The First Blue Laws 1629 – Sunday Closing Law

The First Blue Laws 1629 Sunday Closing Law

The First Blue Laws 1629 - Sunday Closing Law - This 1895 political cartoon illustrates the restrictions imposed by Blue Laws.
The First Blue Laws 1629 – Sunday Closing Law – This 1895 political cartoon illustrates the restrictions imposed by Blue Laws.

Constantine the Great (c. 272–337), Samuel Peters (1735–1826), J. Hammond Trumbull (1821–1897)

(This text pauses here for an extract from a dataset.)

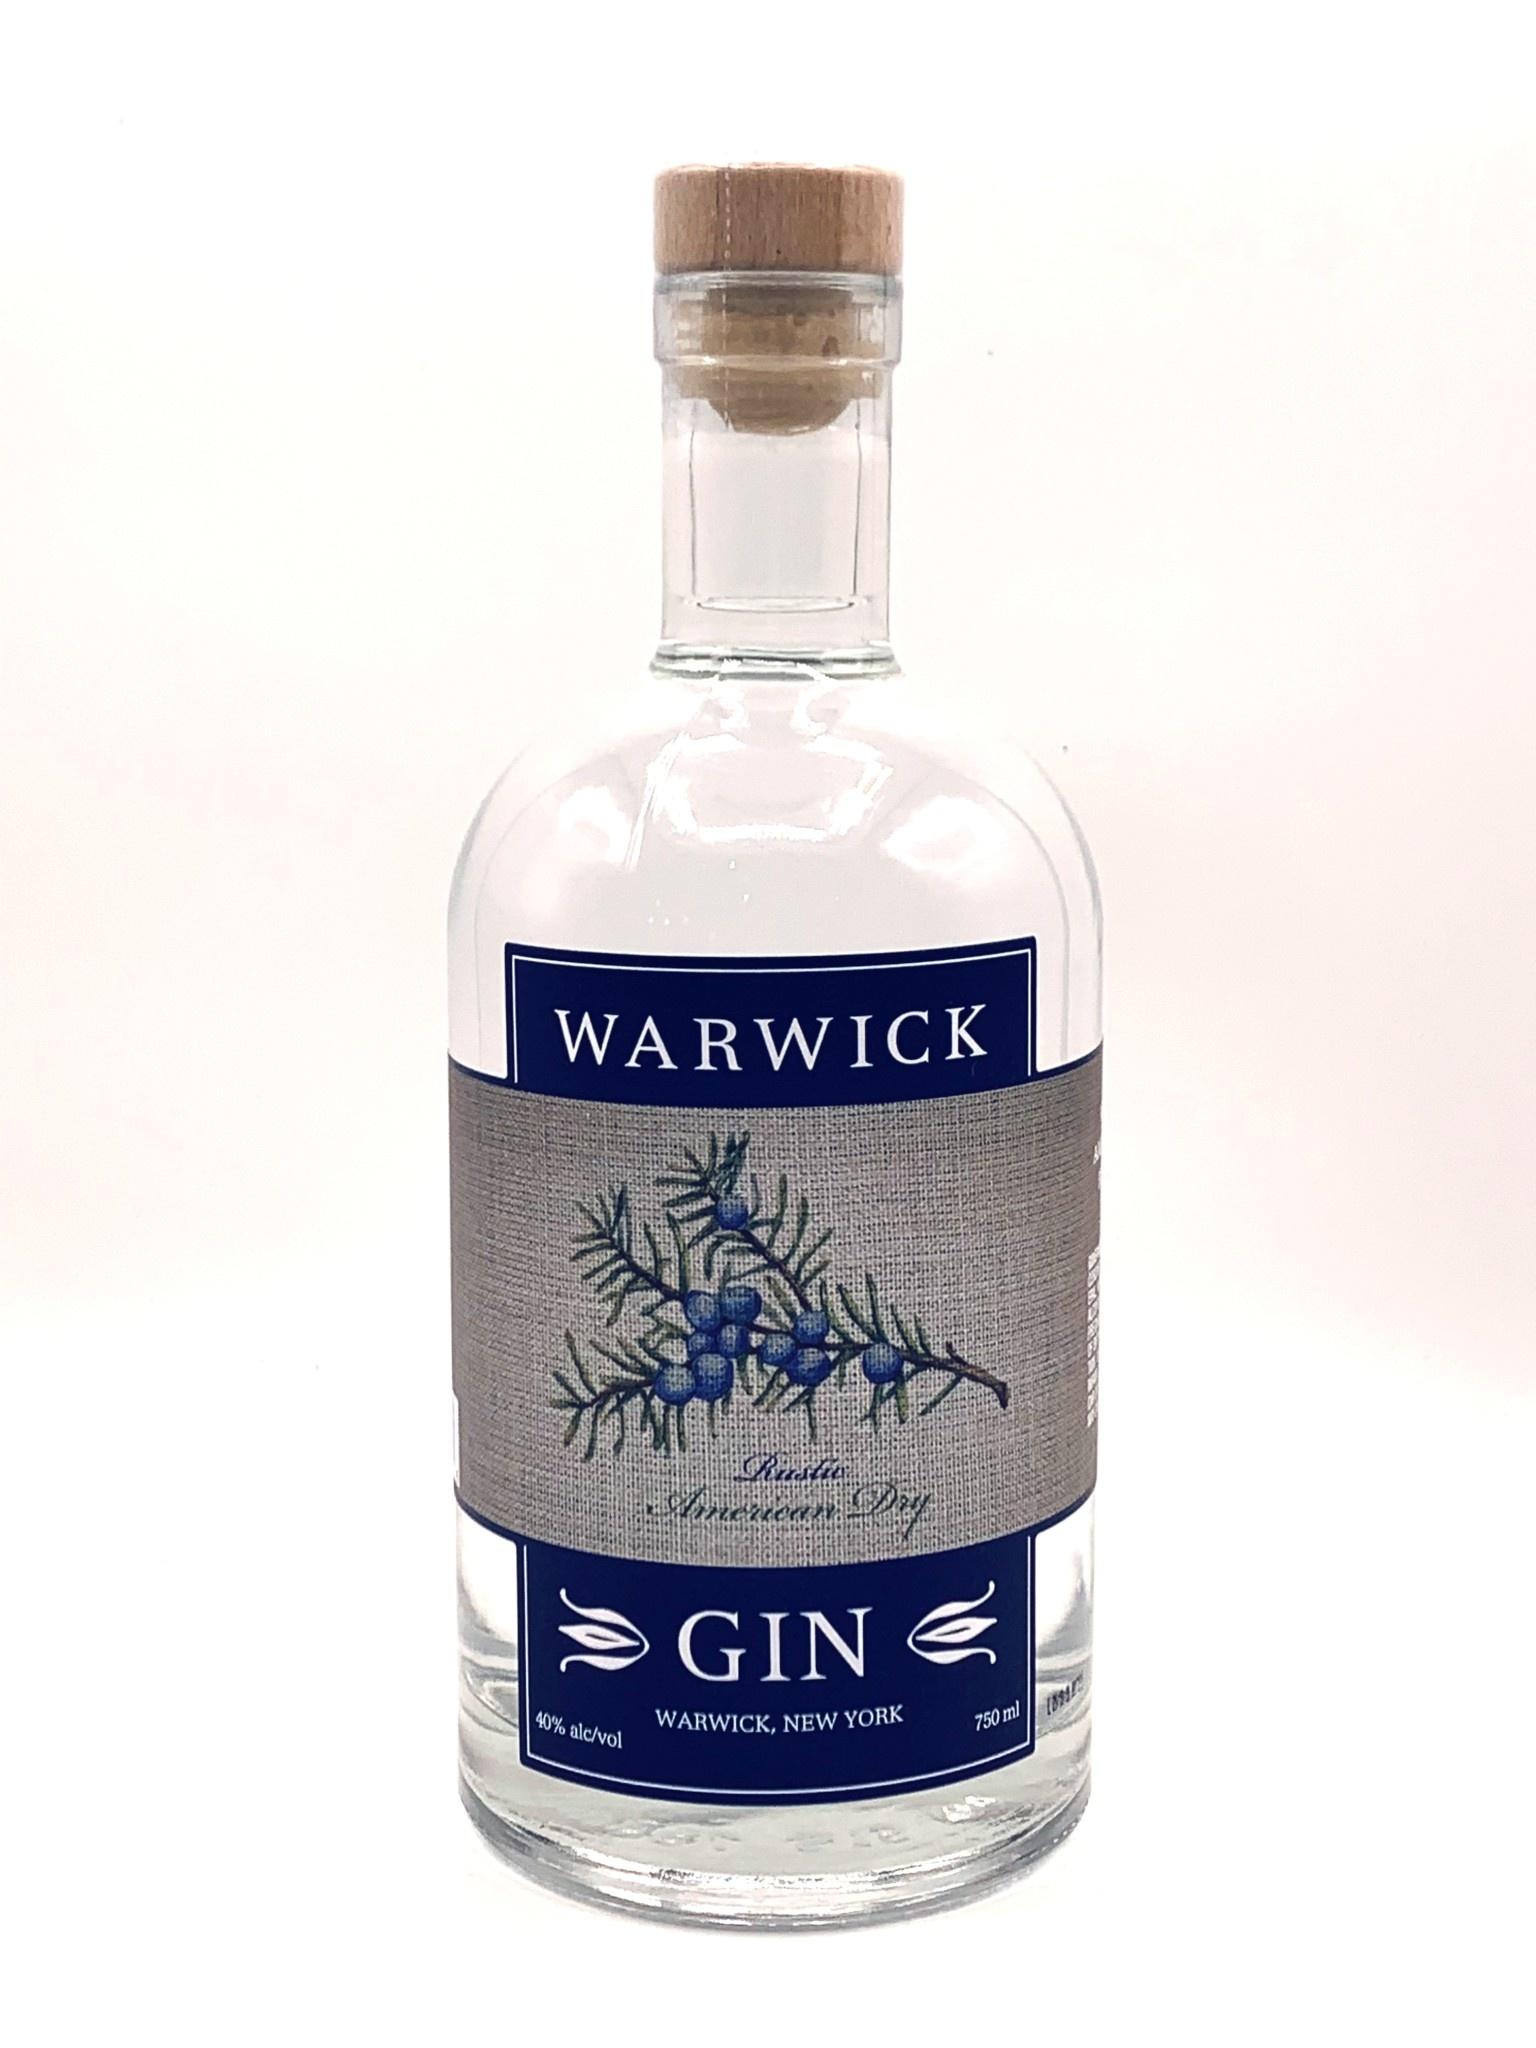 Warwick American Dry Rustic Gin 750ml (80 Proof)

Laws prohibiting certain secular activities on days of religion existed in antiquity, although their colorful name only appeared recently. Commentators credit the first Sunday Closing Law to Roman Emperor Constantine the Great, who issued an edict in 321 ordering city citizens to rest “on the hallowed day of the sun.”

In 1629, the House of Burgesses of Virginia passed the first Sunday Closing Law in the United States, stating that “the Sabbath day be not customarily profaned by working in any imployments or by going from place to place.”

However, according to etymologists, the word “blue laws” was first used in a satire of Connecticut Congregationalists in the New-York Mercury on March 3, 1755: “Since… the Revival of our old Blue Laws, we have the Pleasure to see the Lord’s Work carry on with Success.”